Each transaction *t* is a binary vector with $t[k] = 1$ if *t* contains the item $i_k$ and 0 otherwise. 

An **Association Rule** suggests a relationship between the items, and it's generally written like so: $ \{Milk\} \Rightarrow \{Bread\} $. Note that X and Y in the equation below can contain multiple items and of course $X, Y \subseteq I$. X is called the antecedent or left hand side (LHS), and Y is called the consequent, or right hand side (RHS).

$$ X \Rightarrow Y $$

**Support** is the relative frequency that the relationship occurs. The support of X with respect to T is the proportion of transactions *t* in the dataset which contains the item set X. You may want to look for high support in order to make sure it is a useful relationship.

$$ supp(X) = \frac{|\{t\in T; X \subseteq t\}|}{|T|} $$

$$ supp(X \cup Y) = \frac{|\{t\in T; X \cup Y \subseteq t\}|}{|T|} $$

$$ supp \in [0, 1] $$

$supp(X)$ is also known as the antecedent support, whereas $supp(Y)$ is the consequent support. 

**Confidence** is the measure of reliability of the rule.
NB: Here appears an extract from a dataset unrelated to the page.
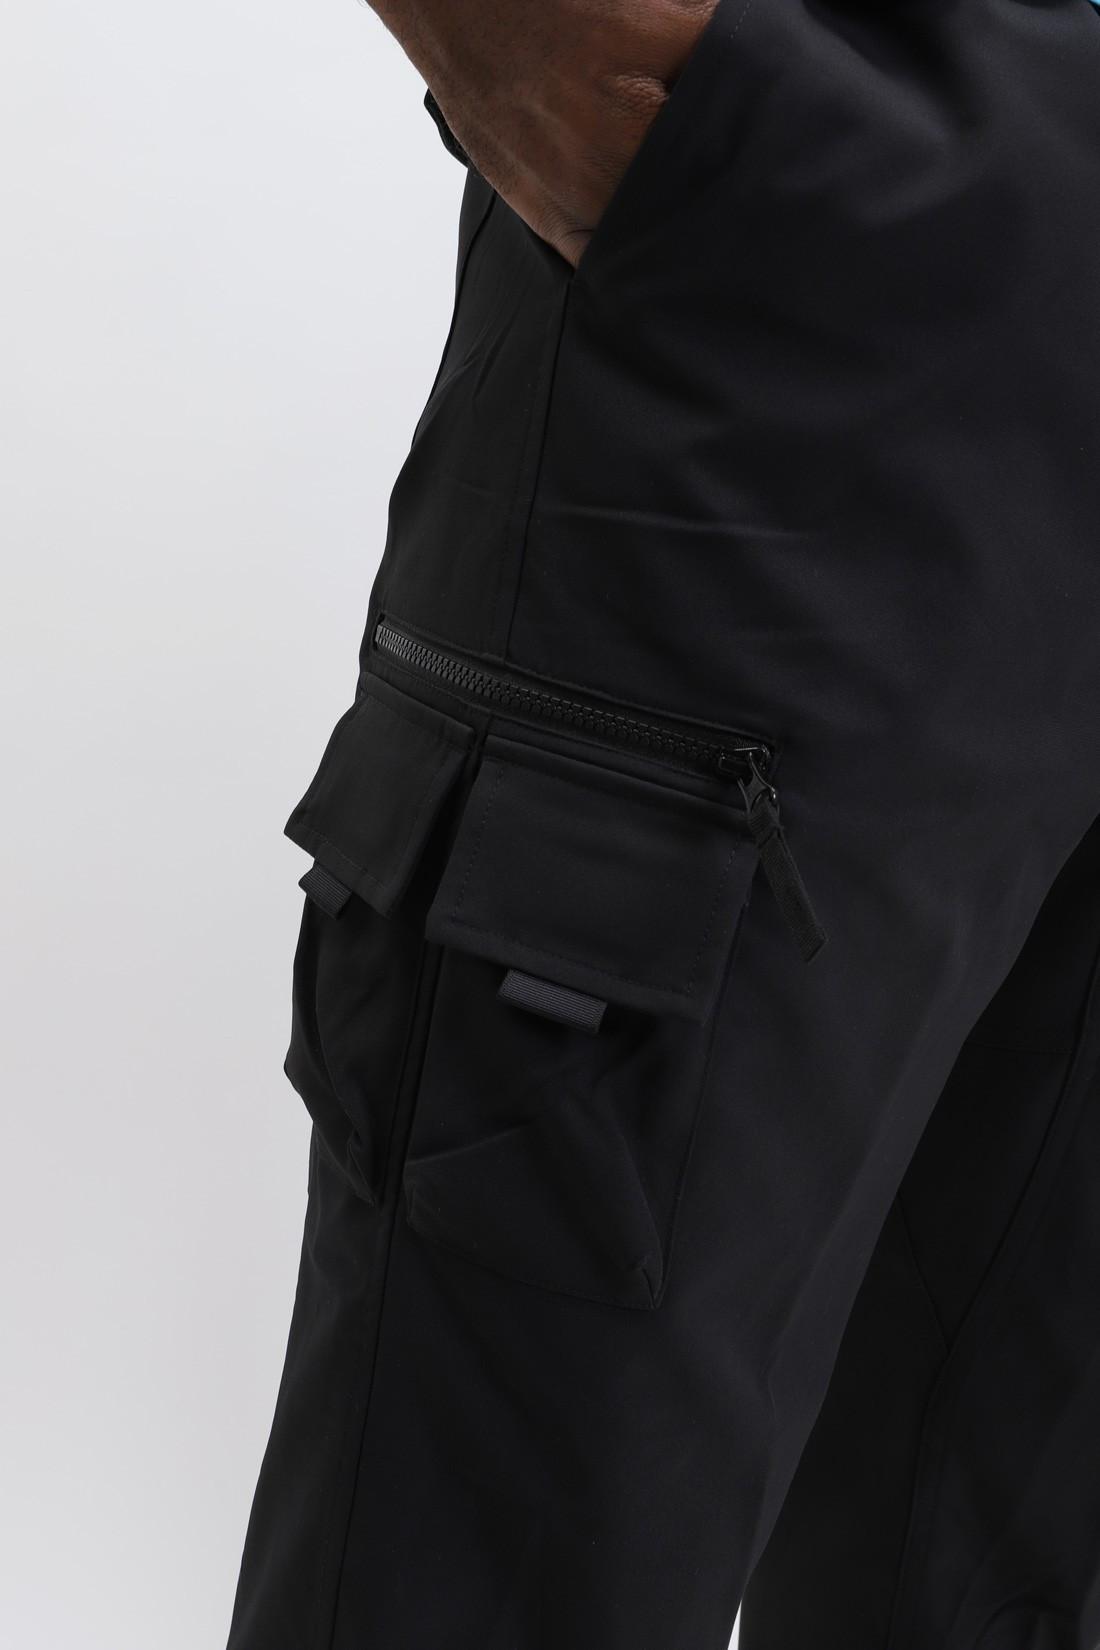 CARHARTT WIP / Elmwood pant Black

A confidence of 0.50 would mean that in 50% of the cases where milk was purchased, so was bread. 

$$ conf(X \Rightarrow Y) = \frac{frq(X \cup Y)}{frq(X)} $$

$$ conf(X \Rightarrow Y) = \frac{supp(X \cup Y)}{supp(X)} $$

$$ conf \in [0, 1] $$

However, confidence can be misleading, especially when the $supp(Y) > conf(X \Rightarrow Y)$

**Lift** is given as the ratio of the observed support to that expected if X and Y were independent. It measures how many times more often X and Y occur together than expected if they were statistically independent. A lift less than 1 means X and Y are negatively correlated. A lift value of 1 means the rules are completely independent. Lift values > 1 are generally more "interesting" and could be indicative of a useful rule pattern. With a high lift, the chance that the rule is just a coincidence is lower. 
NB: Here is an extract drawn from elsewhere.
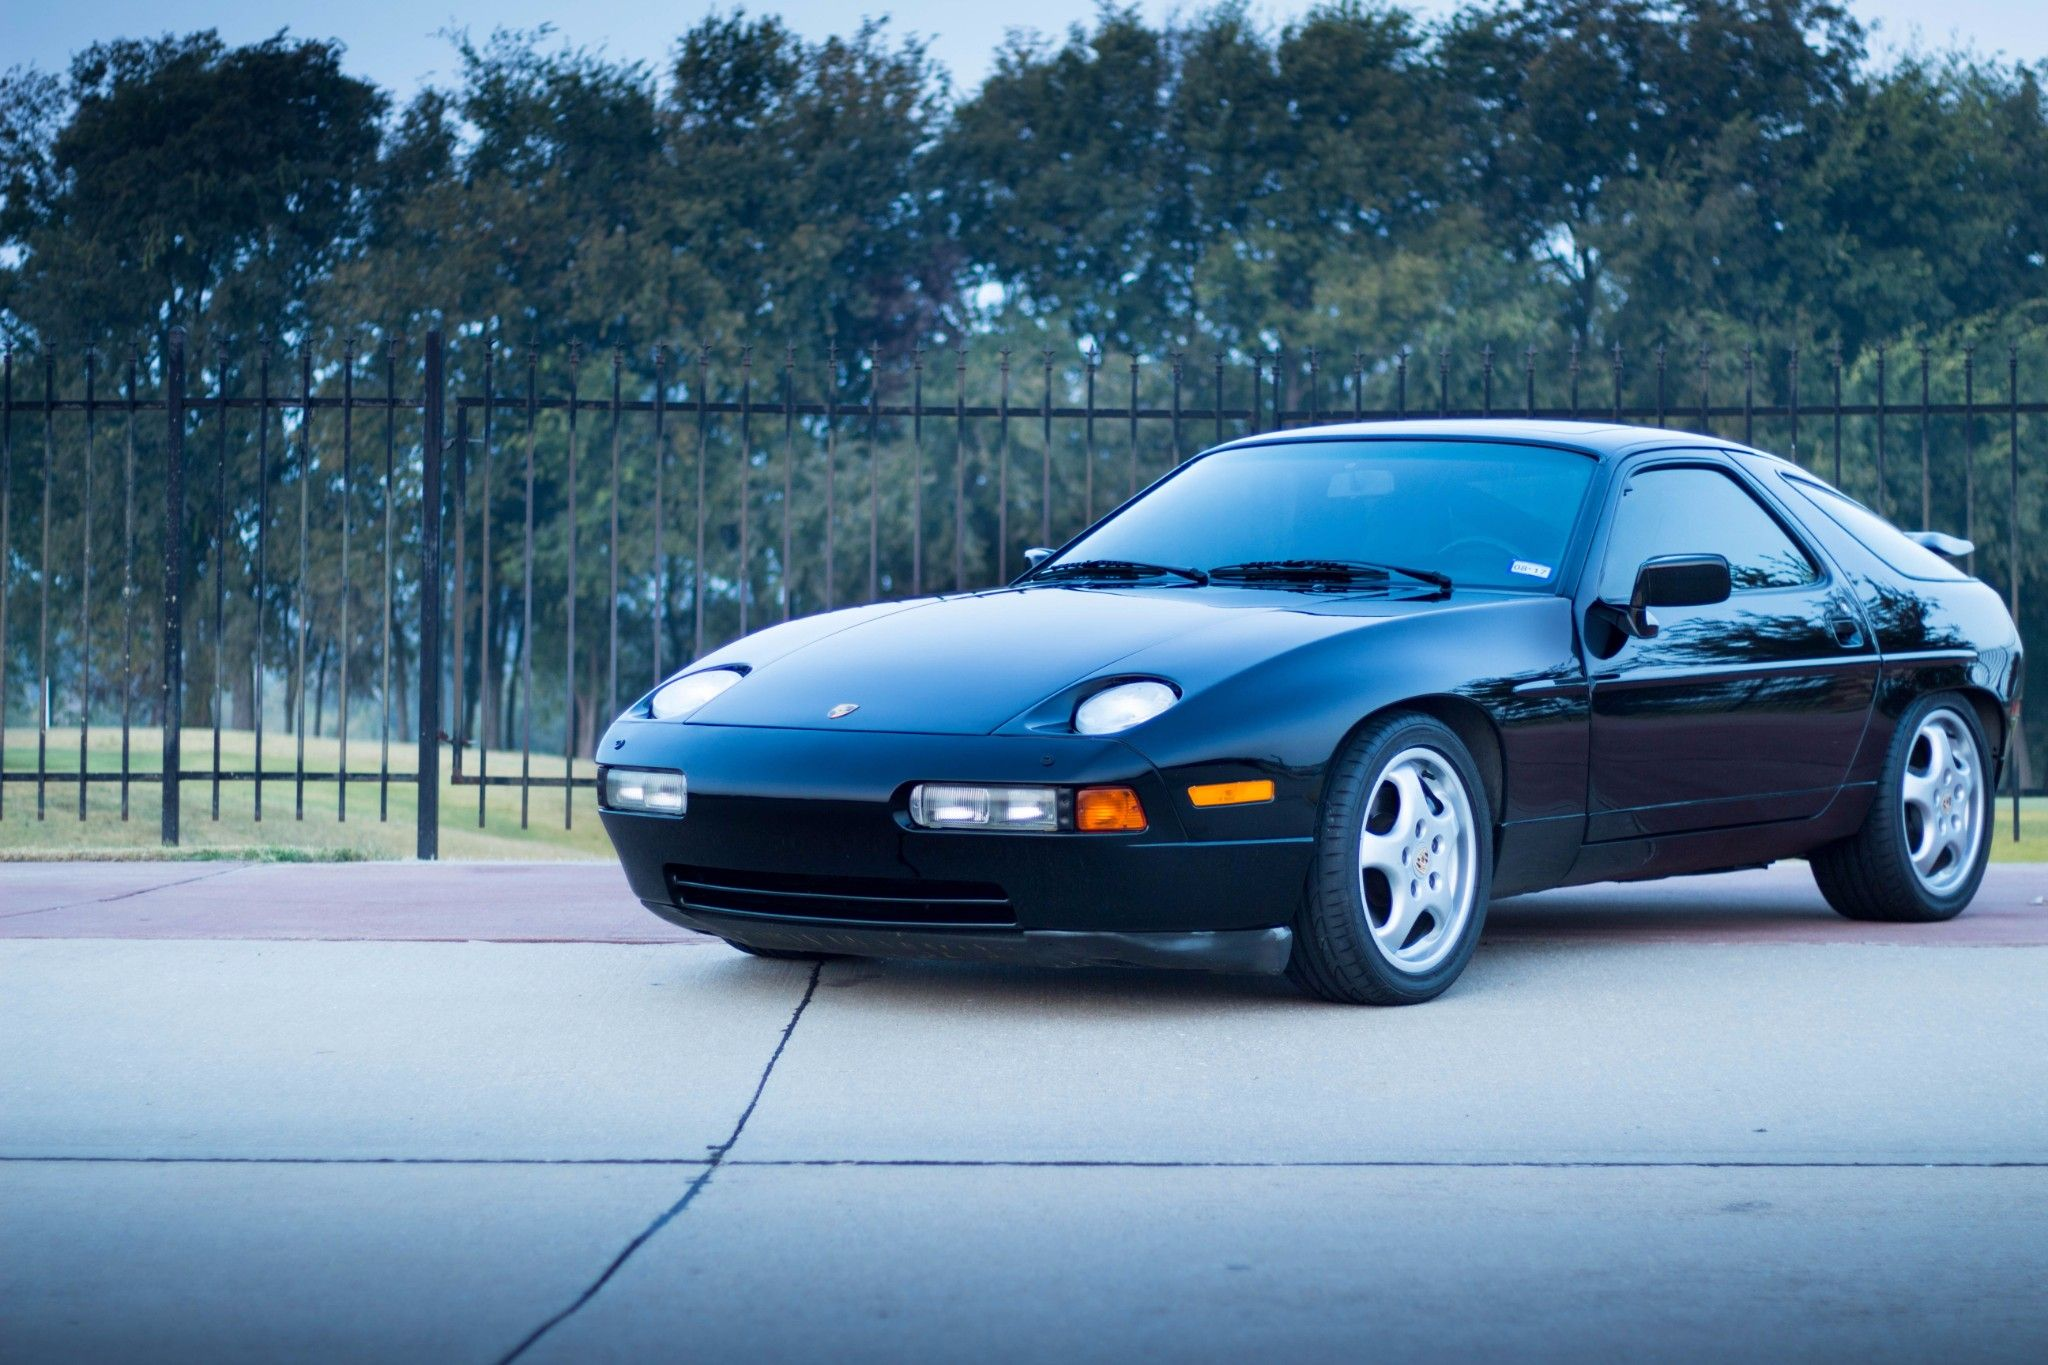 e Owner 1987 Porsche 928 S4 5 Speed for sale on BaT Auctions

$$ lift(X \Rightarrow Y) = \frac{supp(X \cup Y)}{supp(X) \times supp(Y)} $$

$$ lift \in [0, \infty] $$

**Leverage** computes the difference between the observed frequency of X and Y occuring together and the frequency we would expect if X and Y were independent. A leverage value of 0 indicates independence

$$ leverage(X \Rightarrow Y) = supp(X \Rightarrow Y) - (supp(X) \times supp(Y)) $$

$$ leverage \in [-1, 1] $$

**Conviction** is the ratio of the expected frequency that X occurs without Y if X and Y were independent divided by the observed frequency of incorrect predictions. A conviction of 1.2 would mean that the rule would be incorrect 20% more often if the association between X and Y was purely random chance. A high conviction means that the consequent is highly dependent on the antecedent. Rules that always hold have a value of infinity. If the items are independent, the conviction is 1.

$$ conv(X \Rightarrow Y) = \frac{1-supp(Y)}{1-conf(X \Rightarrow Y)} $$

$$ conv \in [0, \infty] $$

**Rule Power Factor (RPF)** is an indication of how intense a rule's items are associated with each other in terms of positive relationship. 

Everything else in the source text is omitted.